Ecclestone, Kathryn, Biesta, Gert, Colley, Helen and Hughes, Martin (2005) Political, Practical and Academic Assumptions About Transitions. In: ESRC Teaching and Learning Research Programme Annual Conference, 28th - 30th November 2005, Warwick, UK. (Unpublished)

Transitions are crucial to success and difference in educational outcomes and the TLRP and other areas of research reveal their complexity and significance in different contexts. Yet we know little about common or distinctive features in points of change and progression, or their effect on peoples’ capacity to act autonomously in different types of transition.

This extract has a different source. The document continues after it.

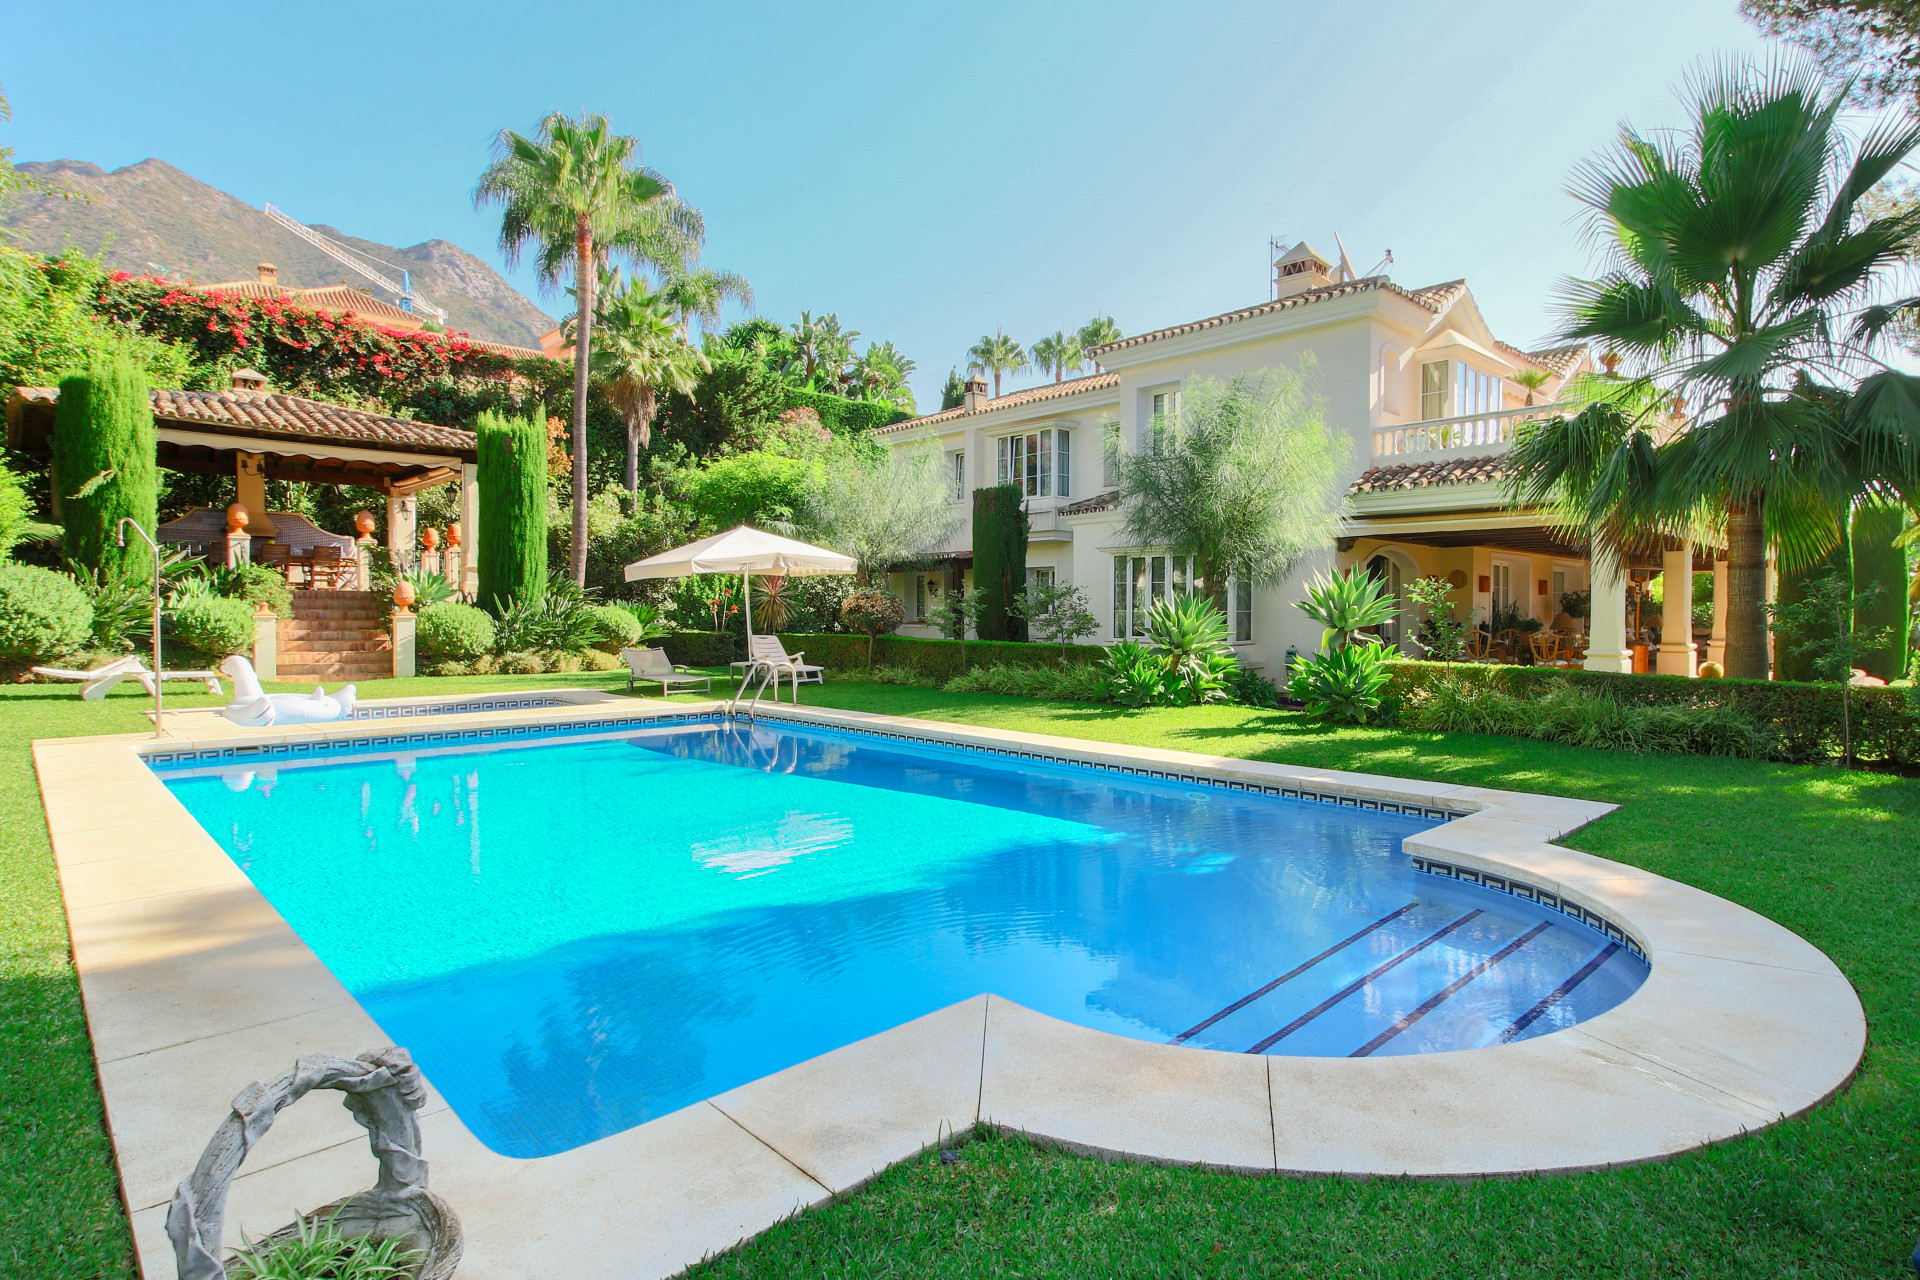 Large classical villa in one of the most sought-after urbanizations in Marbella.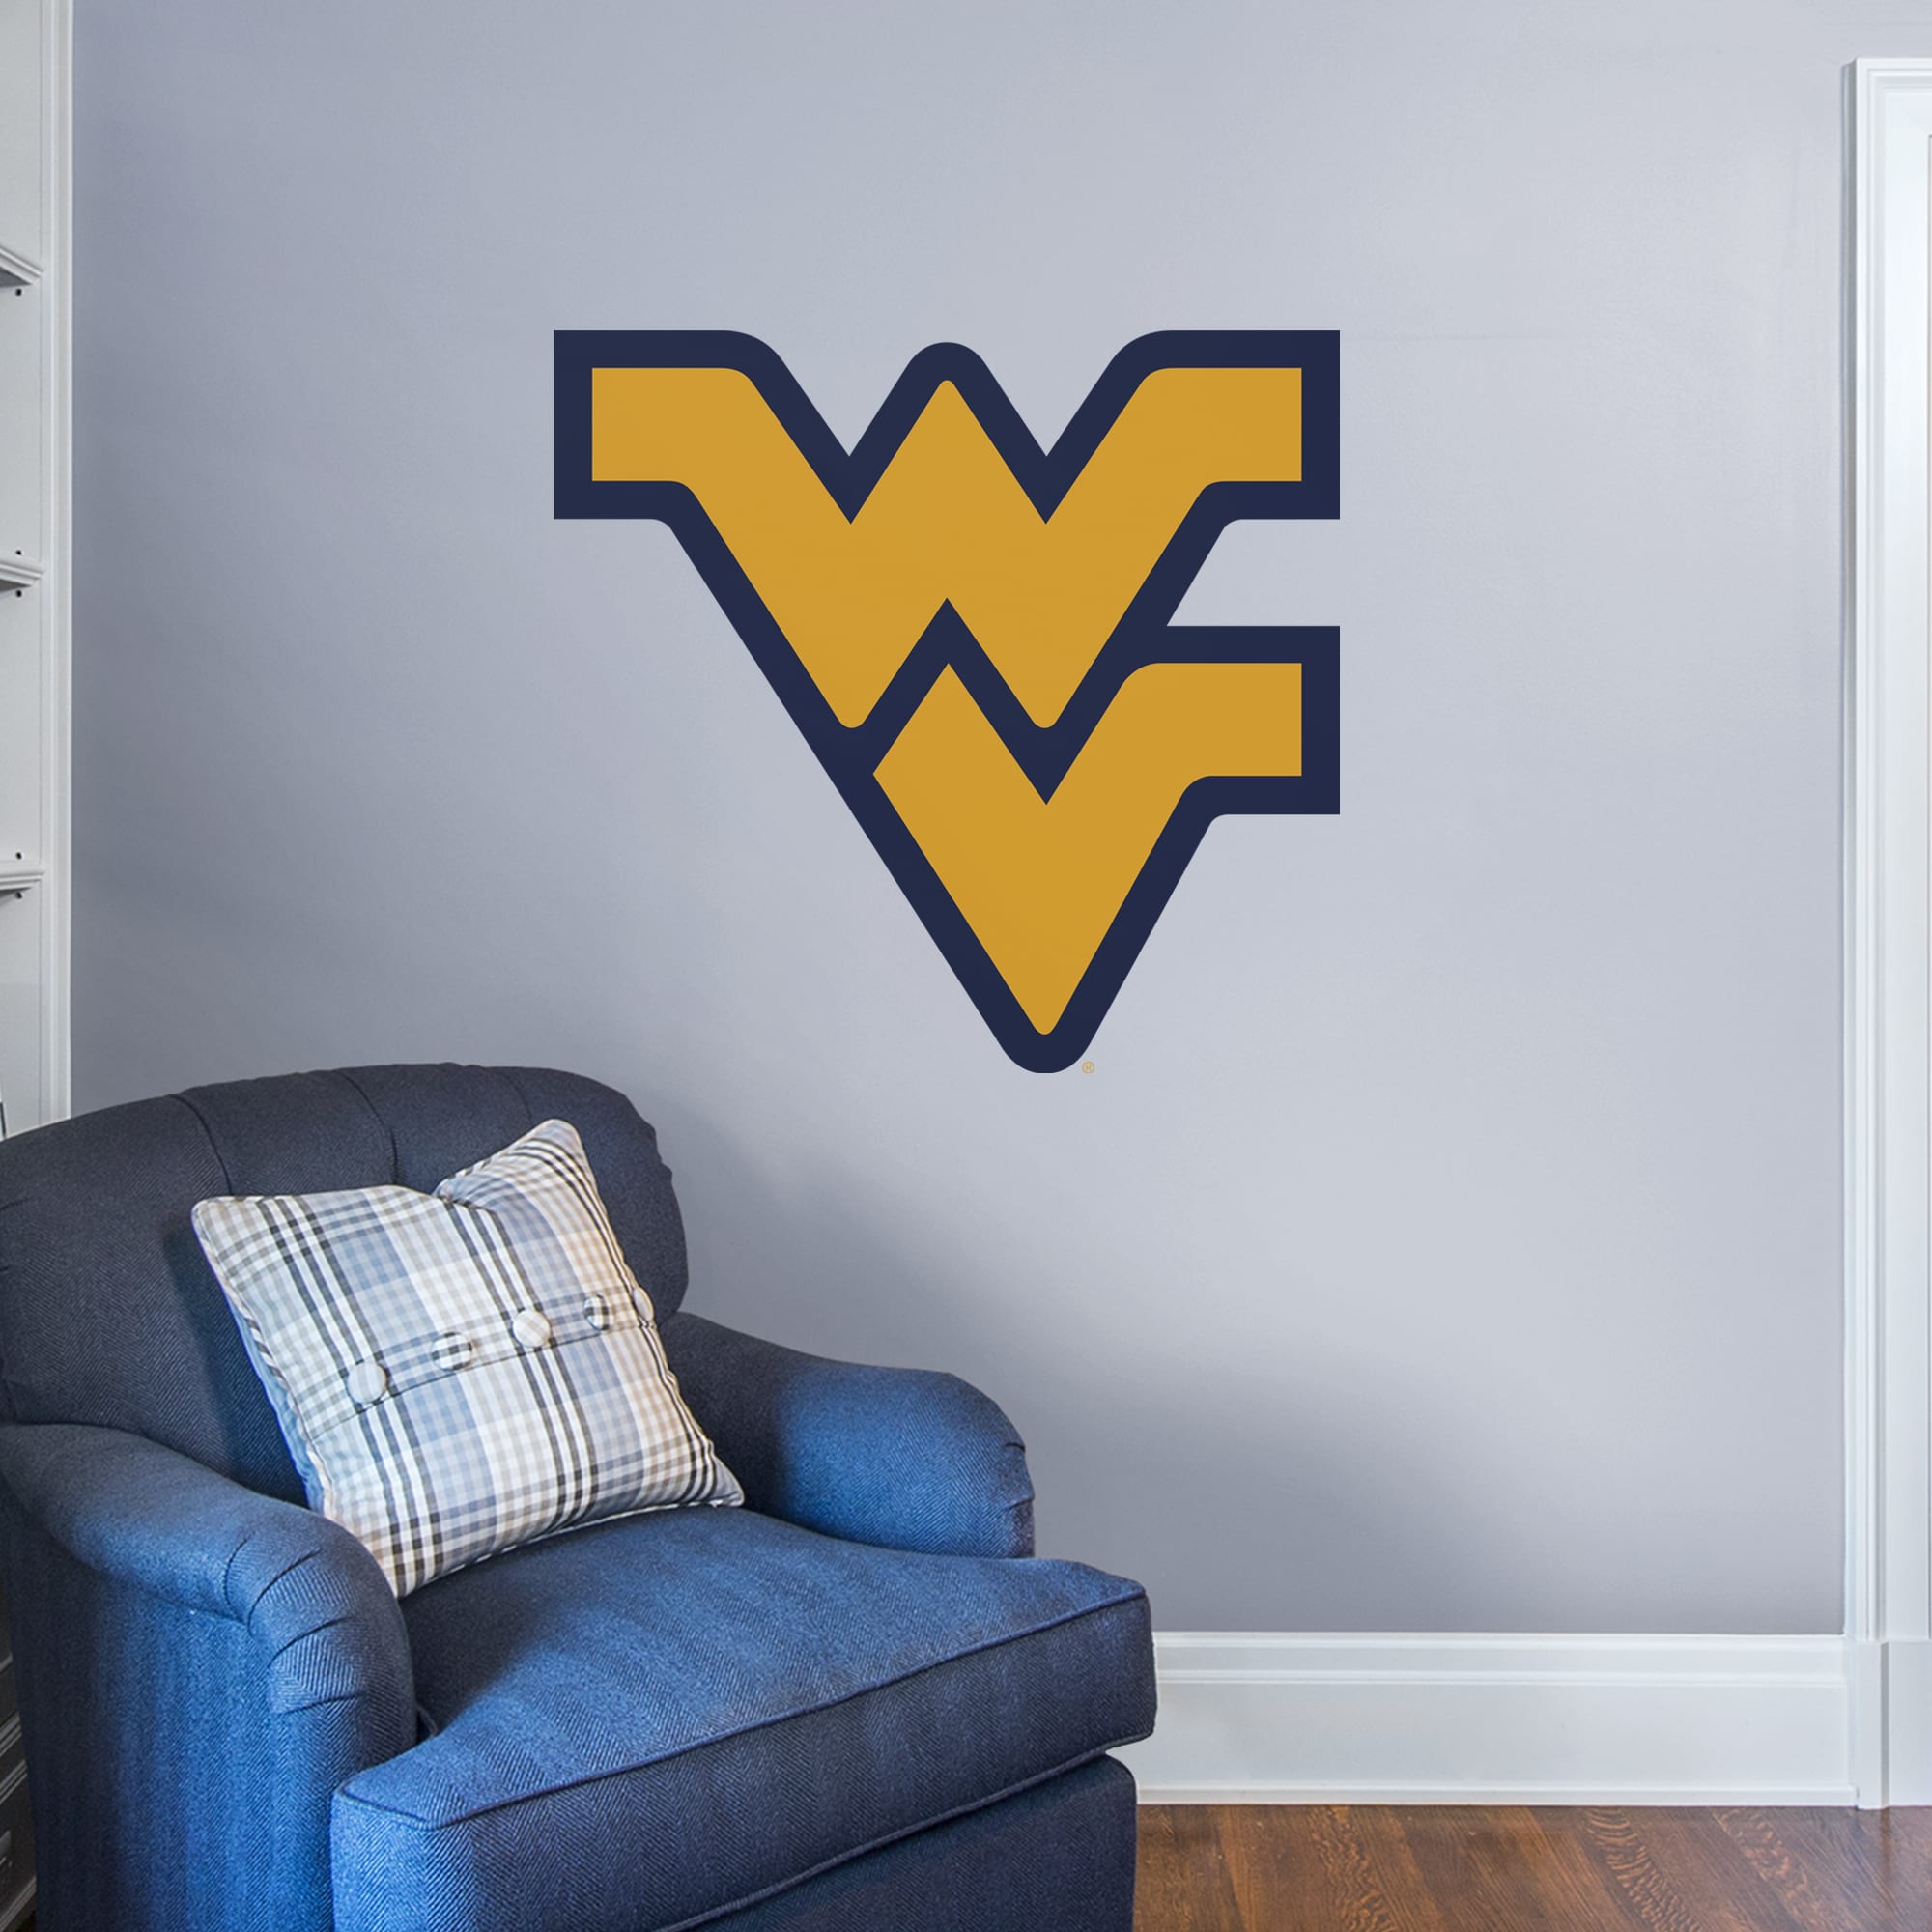 West Virginia Mountaineers: Logo - Officially Licensed Removable Wall Decal Giant Logo (41"W x 38"H) by Fathead | Vinyl

Nor do we understand whether structural conditions (such as class, gender, race, employment and education, social and economic factors), people’s capacity for agency and the shaping of their personal and learning identities are more salient in some transitions than others.
The seminar series aims to:
• conceptualise transitions by identifying common and distinctive features and relating these to people’s ability to exercise agency, the formation of their educational, occupational and personal identities in ‘learning careers’, and to structural conditions
• evaluate critically the ways in which policy initiatives, practitioners and researchers depict transitions for different groups
• evaluate critically conceptual models and methodological approaches used to explore transitions in different areas of research
• evaluate critically how empirical evidence from TLRP projects and other research illuminates the connections between identity, agency, structure in different transitions
• identify practical, political and theoretical implications for different audiences
Work in the series so far shows that many formal transitions have strong normative assumptions and policy makers and professionals and other mediators of learning (such as parents, employers, careers and personal advisers, peers etc) depict transitions in particular ways. Underlying these depictions is a growing assumption that transitions are inherently risky and problematic and that they need better identification and more effective management by individuals and education and welfare agencies.
This paper evaluates these depictions and assumptions in relation to some key transitions in the education and training system. It raises questions about the most useful and important areas for further work in the seminar series.